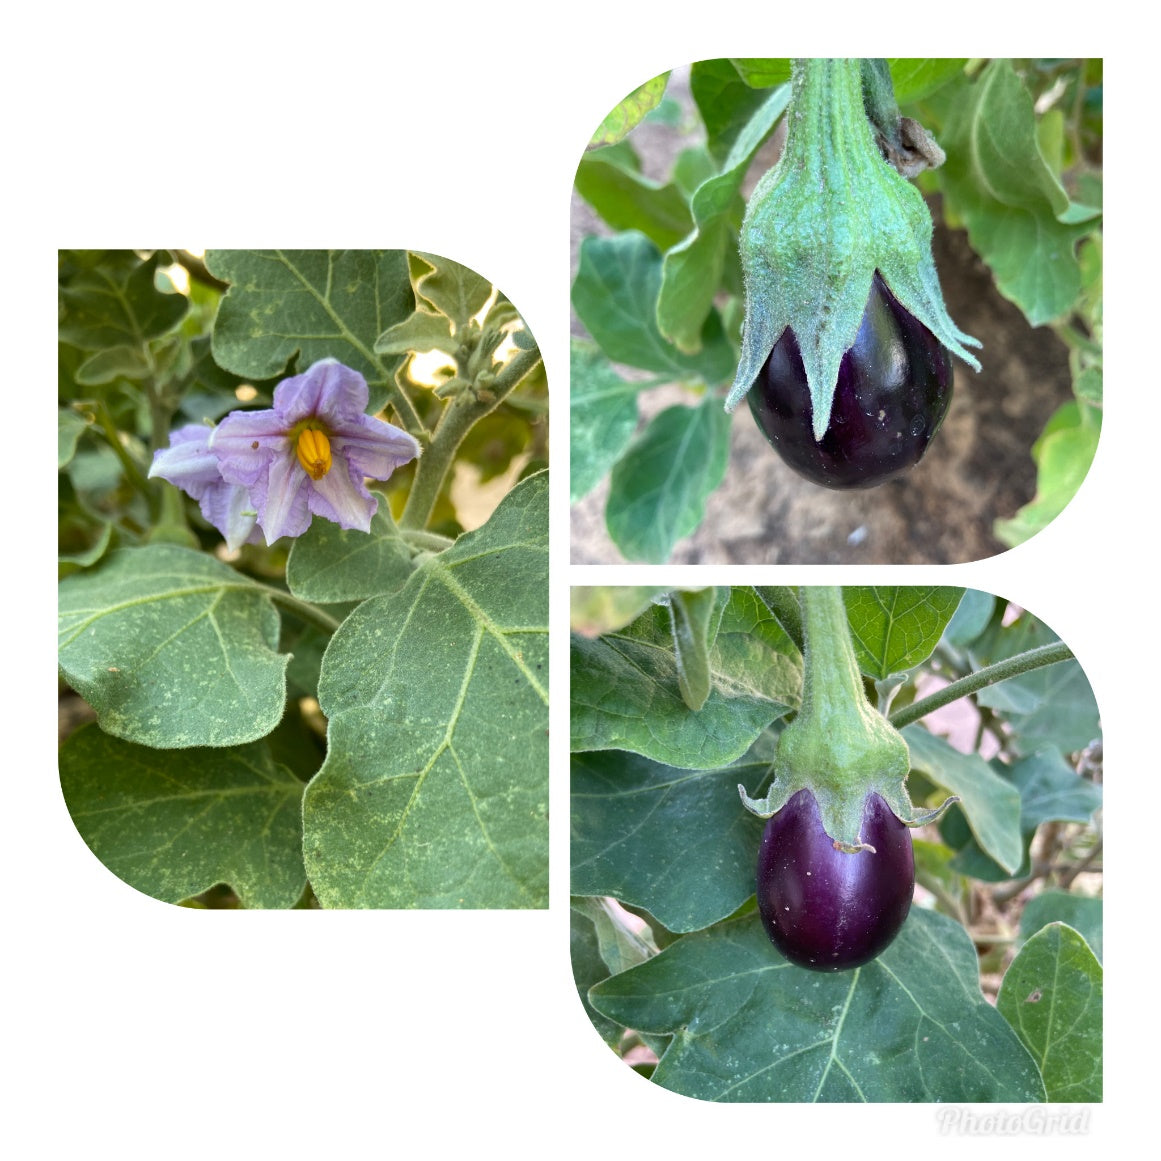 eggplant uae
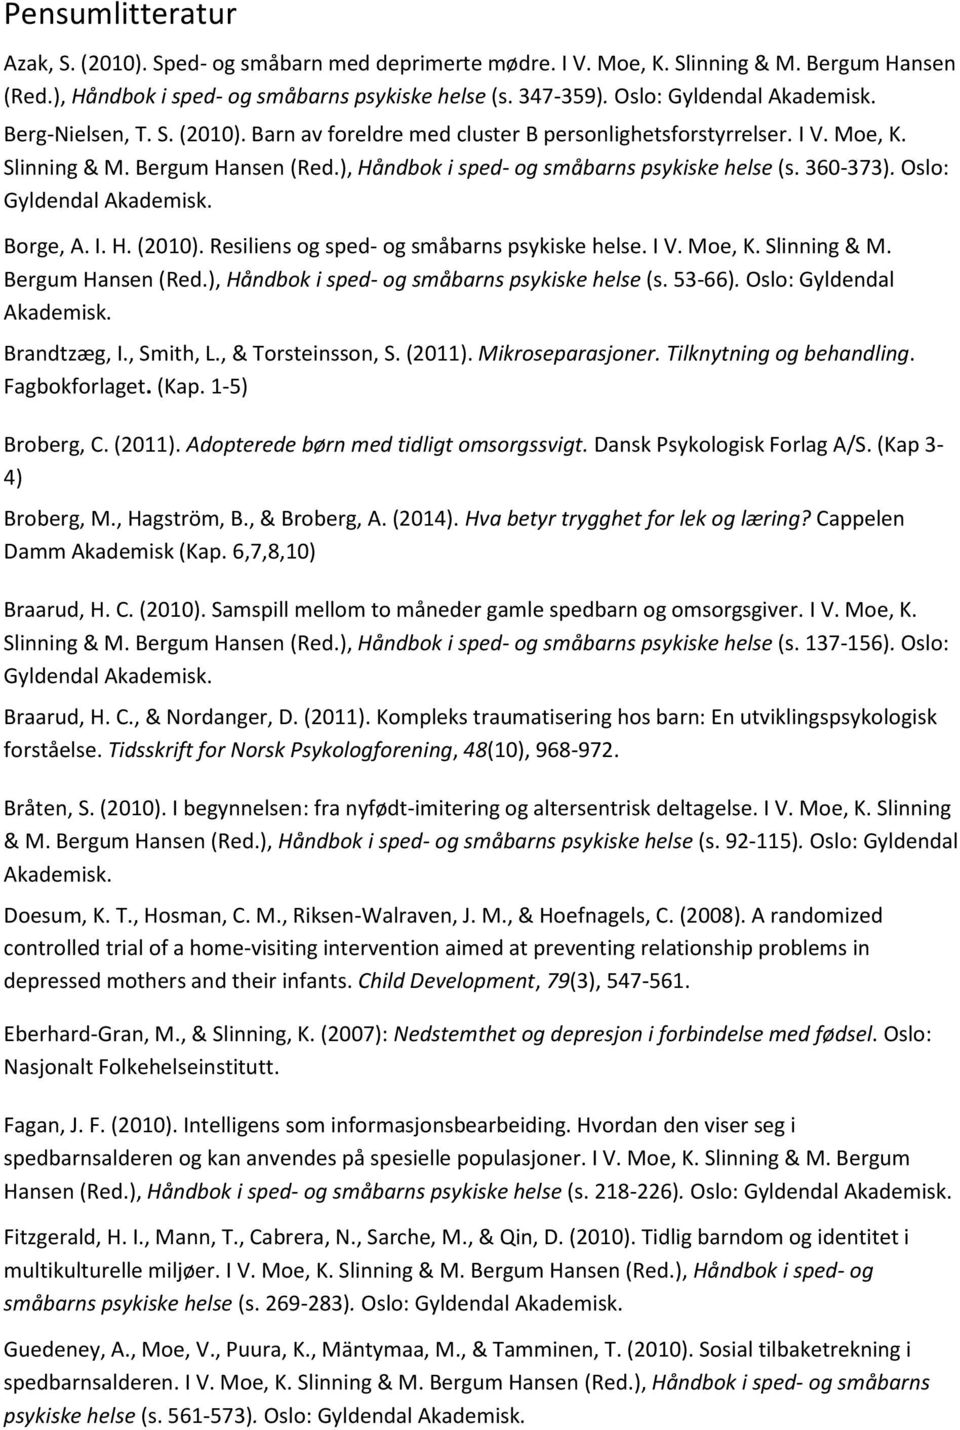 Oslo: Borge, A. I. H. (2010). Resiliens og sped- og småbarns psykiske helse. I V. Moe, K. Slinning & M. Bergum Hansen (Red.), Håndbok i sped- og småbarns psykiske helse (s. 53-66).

...

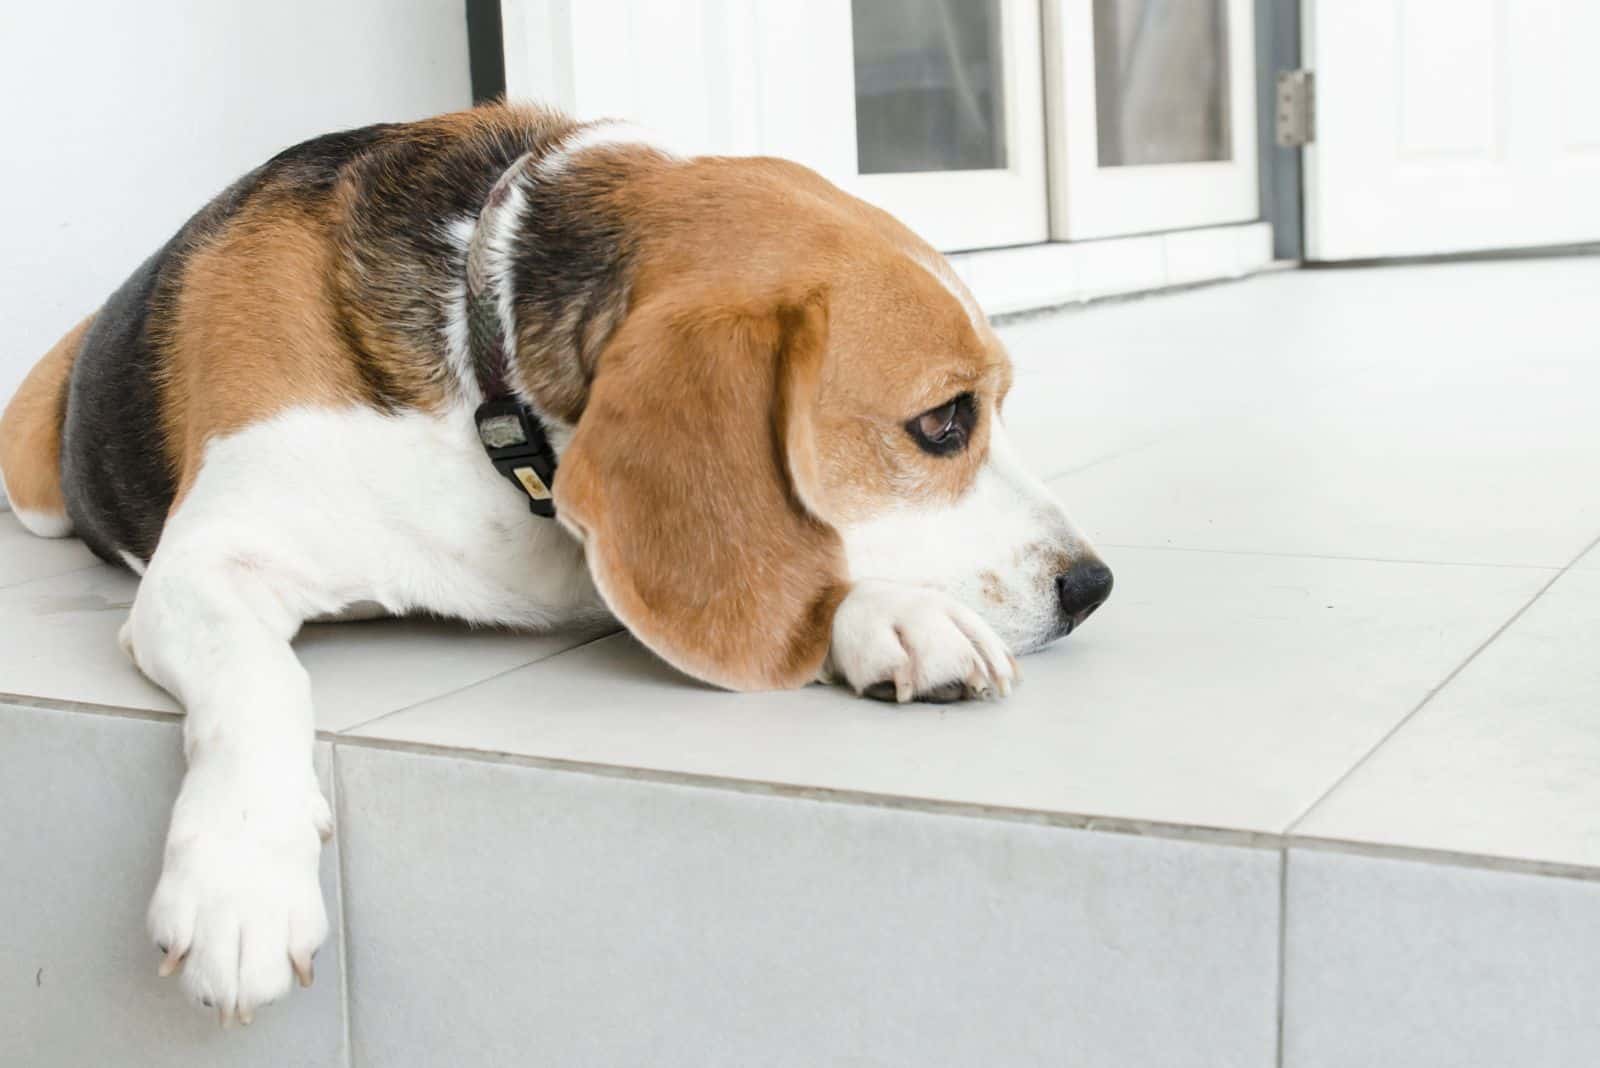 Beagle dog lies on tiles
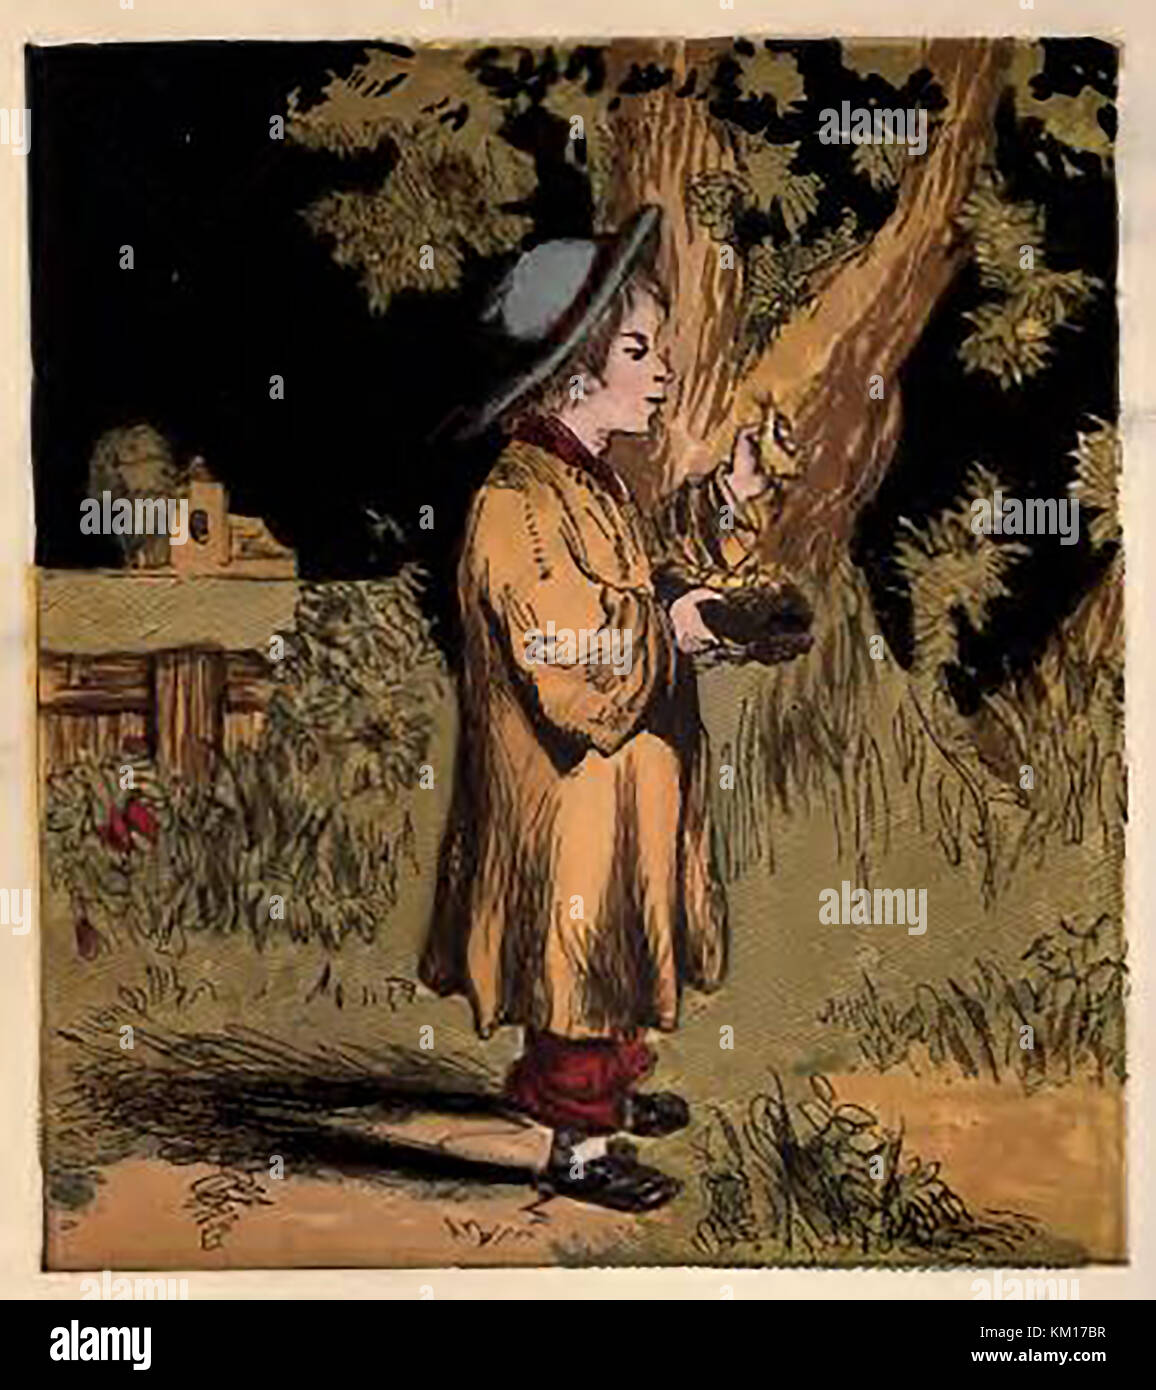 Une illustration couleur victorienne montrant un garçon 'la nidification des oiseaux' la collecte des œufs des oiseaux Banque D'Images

Required action: Give again, exactly as written above, each line from the one that has "eggplant uae" to the one that has "Oslo: Borge, A.", both included; omit the pictures.

Answer box:
 eggplant uae
 Oslo: Borge, A. I. H. (2010). Resiliens og sped- og småbarns psykiske helse. I V. Moe, K. Slinning & M. Bergum Hansen (Red.), Håndbok i sped- og småbarns psykiske helse (s. 53-66).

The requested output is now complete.